Don’t look now, but in Georgia, a Republican state senator, a supposed advocate of less government, is teaming up with a group of health care executives, alleged supporters of less government, and pushing the Patient Injury Act, http://www.legis.ga.gov/Legislation/20132014/130221.pdf, an innocent sounding piece of legislation designed to strip an injured patient of their Constitutional right to trial by jury, and replace it with another government bureaucracy. How bad is the Act? Even the Medical Association of Georgia is opposed to it, believing it will increase claims, increase costs and ultimately be found to be unconstitutional.
The Act, with long debunked talking points masquerading as legislative findings, would implement in Georgia a worker’s compensation-type system for medical malpractice claims.
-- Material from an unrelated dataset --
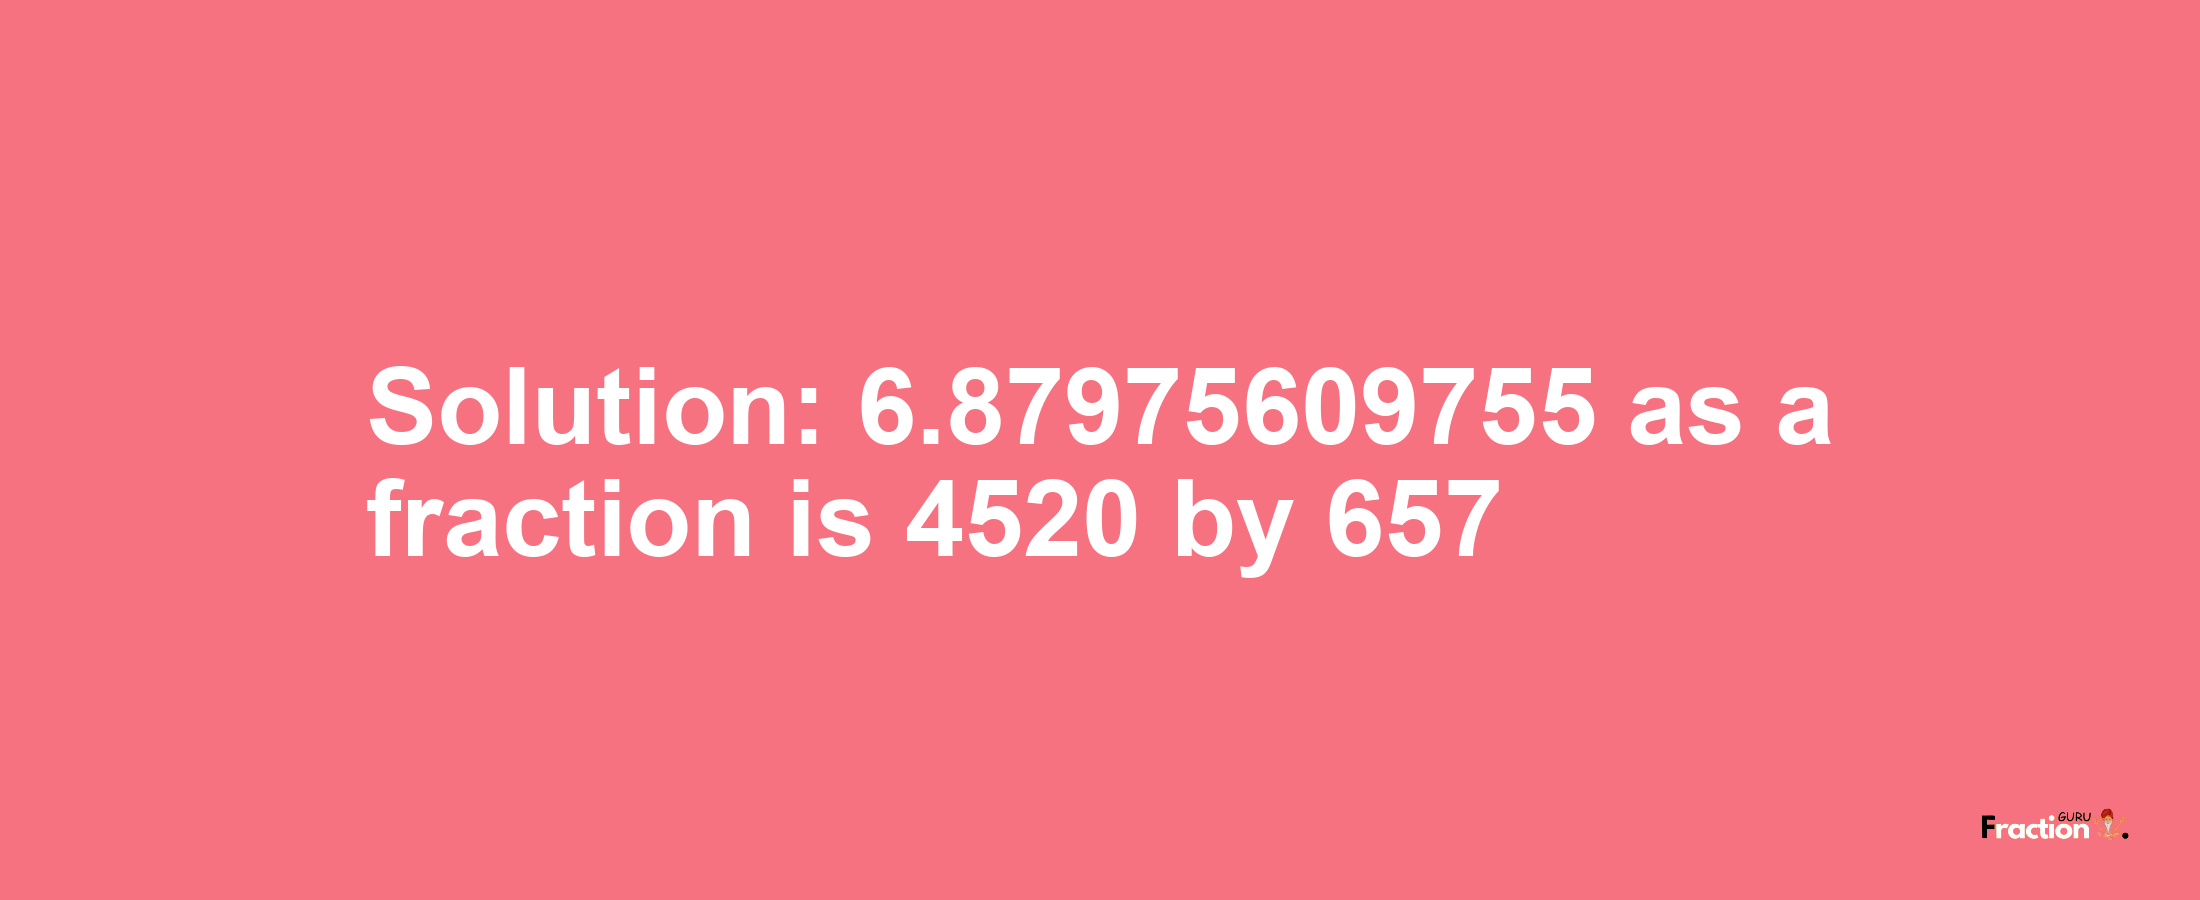 Solution:6.87975609755 as a fraction is 4520/657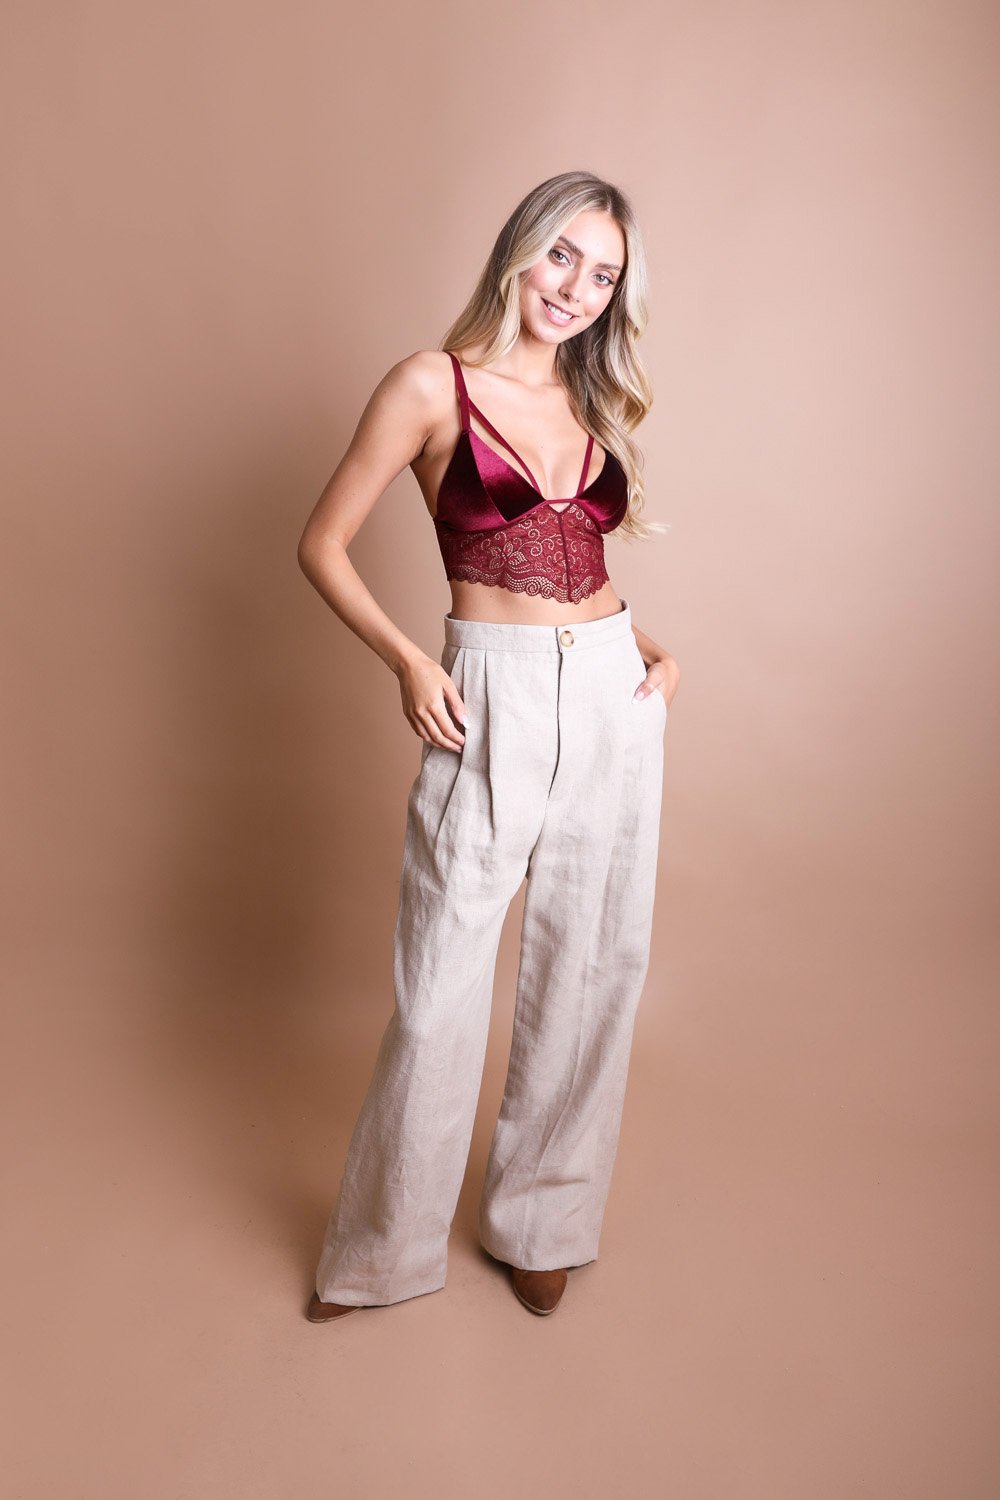 Waistband Loop Lace Brami $22 – Thank you - Leto Collection

It would create a taxpayer funded Patient Compensation Board that will administer a Patient Compensation System. Compensation under the system will be tied, at least initially, to average payments voluntary reported by the Physicians Insurers Association of America, an insurance industry trade association for medical providers. If implemented, payment under this system would be the exclusive means in Georgia by which people injured through medical negligence would be compensated. As envisioned, the Board will have 11 appointed members, only 2 of which will be patient advocates.
There are many problems with the Patient Injury Act. It focuses on medical providers, rather than patients. It would trample an individual’s Seventh Amendment right to a jury trial as set forth in the US Constitution and in Georgia’s Bill of Rights. And, in all likelihood, it will fail to adequately compensate victims of medical negligence. The Act is bad legislation and should not be enacted.